Camden High is promised $50 million for renovations
Camden High School will receive at least $50 million for an overhaul of its dilapidated building, a project that has been stalled for more than six years, Gov. Christie announced Tuesday.
Camden High School will receive at least $50 million for an overhaul of its dilapidated building, a project that has been stalled for more than six years, Gov. Christie announced Tuesday.
The funding, which Christie said would come from the state Schools Development Authority (SDA), also will go toward technological upgrades and new programs, including vocational courses aimed at helping students choose a career.
"There's no reason that students who come to a place like Camden High School shouldn't have access to all of those things," Christie, flanked by Mayor Dana Redd, told a crowd of politicians, educators, and students in the school's yellow and purple gymnasium. "What's held them back is the building itself. Not the quality of the teachers, not the quality of the students, not the interest of the parents."
The funding is half of what was promised to Camden High by Gov. Jon S. Corzine, who in 2008 approved $100 million to replace the facility while preserving its iconic, castle-like tower.

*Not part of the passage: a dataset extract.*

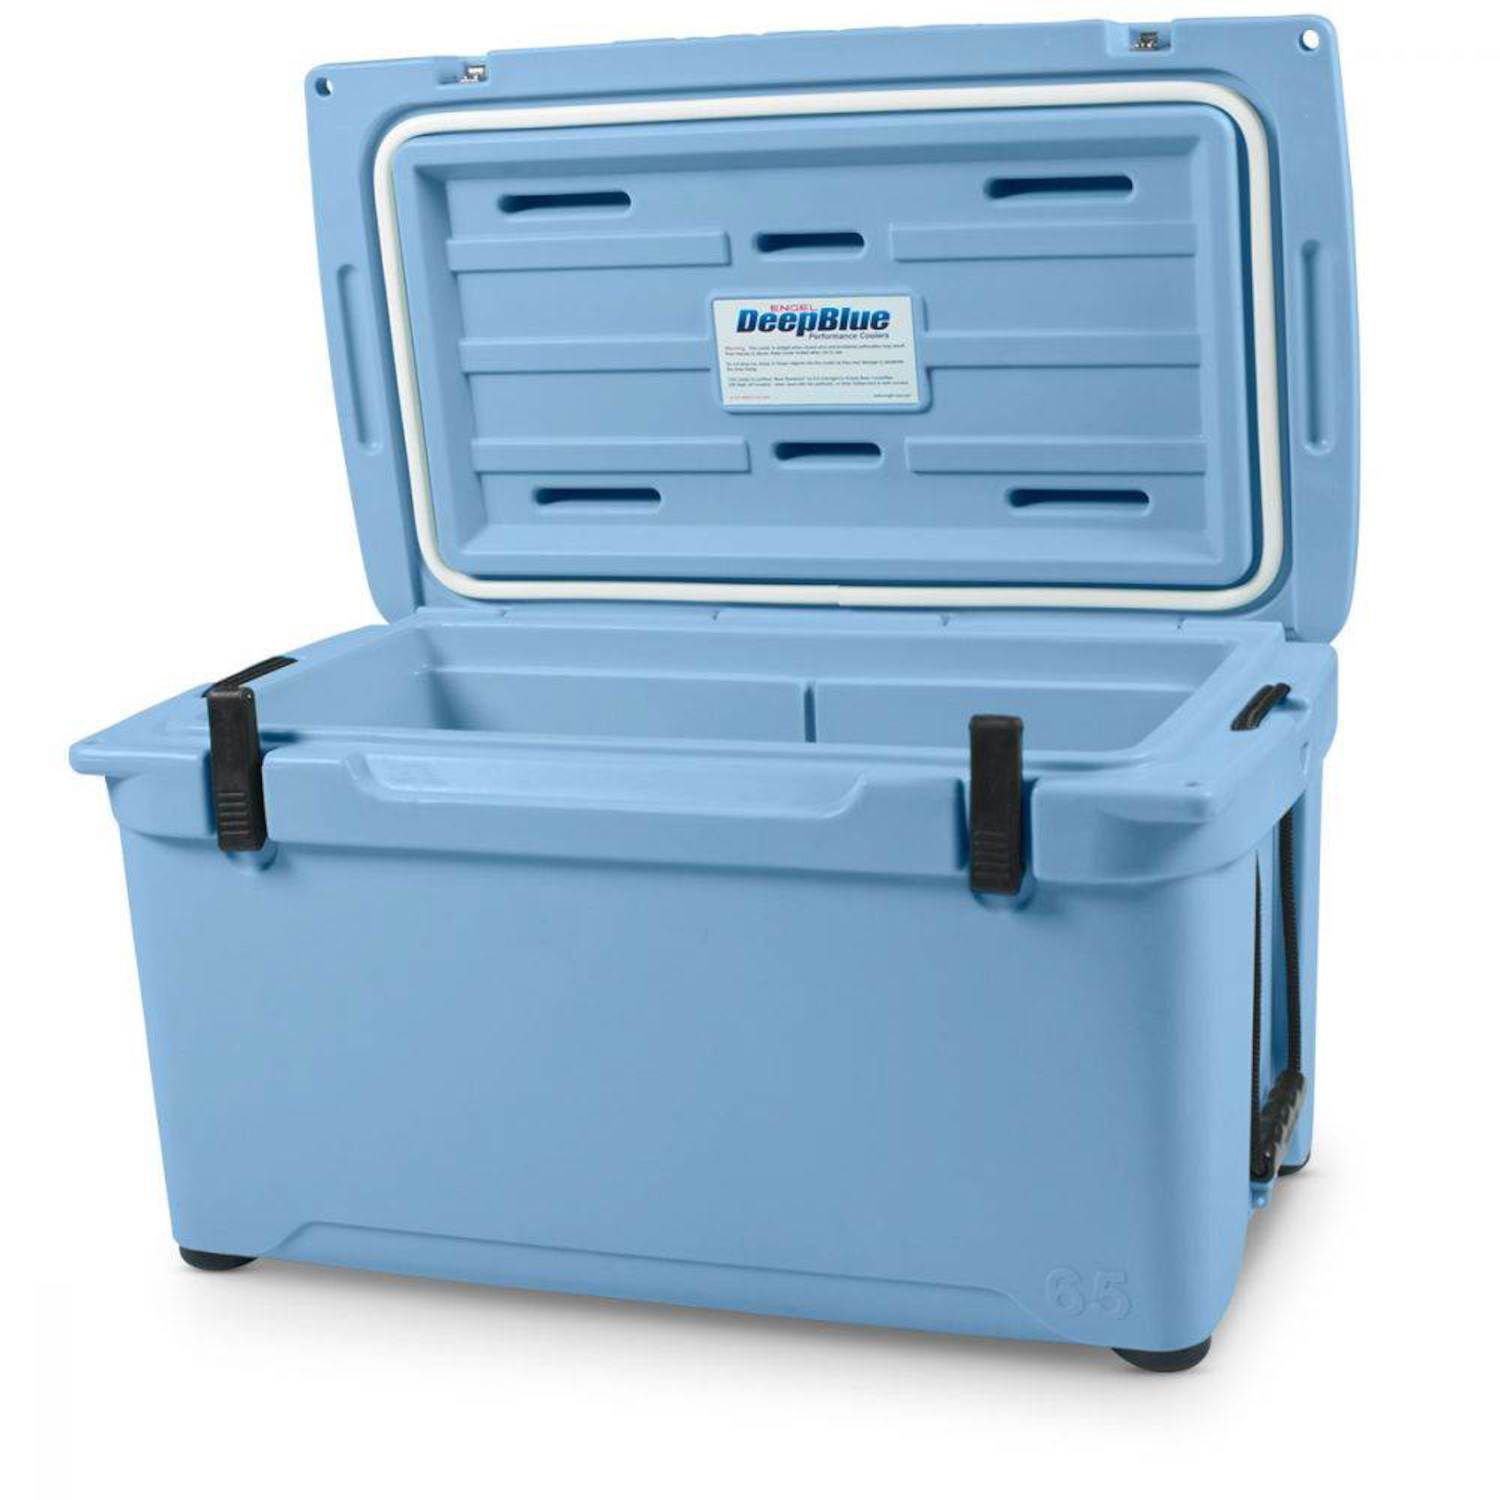 ENGEL 13 Quart Compact Durable Ultimate Leak Proof Outdoor Dry Box

In 2011 Camden High became one of more than 40 projects Christie shut down when he announced a restructuring of the SDA, which is responsible for construction and renovations in the state's poorest districts. At the time Christie characterized the program, created during the Corzine administration, as wasteful and lacking in proper procedural guidelines, and renovations to those schools around the state slowed to a halt.
Camden High, built in 1918, has grown costly to maintain and heat because of bad windows and a faulty boiler, Superintendent Paymon Rouhanifard said. The building needs a new HVAC system as well as repairs to its roof and wiring systems.
The district has spent more than $5 million on repairs to the roof, electrical units, bathrooms, and more in the last 21/2 years alone, officials said, and is on track to spend another $500,000 on maintenance this year, not including upgrades made to the security system over the summer.
On Tuesday, Rouhanifard acknowledged that any major physical improvements at Camden High are still years away. Officials will put the project out for bids from architects early next year, he said, but renovations may not start for two or three years.
Changes in the school's courses may come sooner, he said. Some funding will go toward the creation of four independent learning communities, including the vocational program, some of which may start as early as next school year. Those programs will be designed to help students plan for college, vocational training, and more, he said.
"These programs will offer pathways directly connecting our students to careers," he said.
District officials said it was too early to say how much of the original renovation plan, which called for replacing most of the building, would be incorporated into any future designs. Rouhanifard said the state may spend more than $50 million on the project, depending on what is needed.
"We know what the floor is," he said. "We don't know what the ceiling is."
Sean Brown, a former Camden school board member who often has been critical of the district, on Tuesday applauded the funding announcement, and the district's goal of preparing students for vocational schools as well as higher education.
But given the history of the state's handling of Camden's schools, he said, anyone would be skeptical. Some recent state investments, such as putting laptops in each classroom, have appeared to represent symbolic gestures rather than genuine reform, he said.
"What looks good at a press conference might not always lead to the best results for students," he said. "I believe [Christie] really does believe this is the right idea, and in a way, it is the right idea. But I don't think it's necessarily thought all the way through."
That said, Brown said he believed the increased oversight of the SDA would result in progress this time at Camden High.
Combating skepticism remains one of the district's steepest challenges, said Rouhanifard, who said he believes a flawed government process is partially to blame for the project's failure to go forward in years past.
"We have tried to unearth the issues that have led us to this point," he said. "There have been so many broken promises in this building."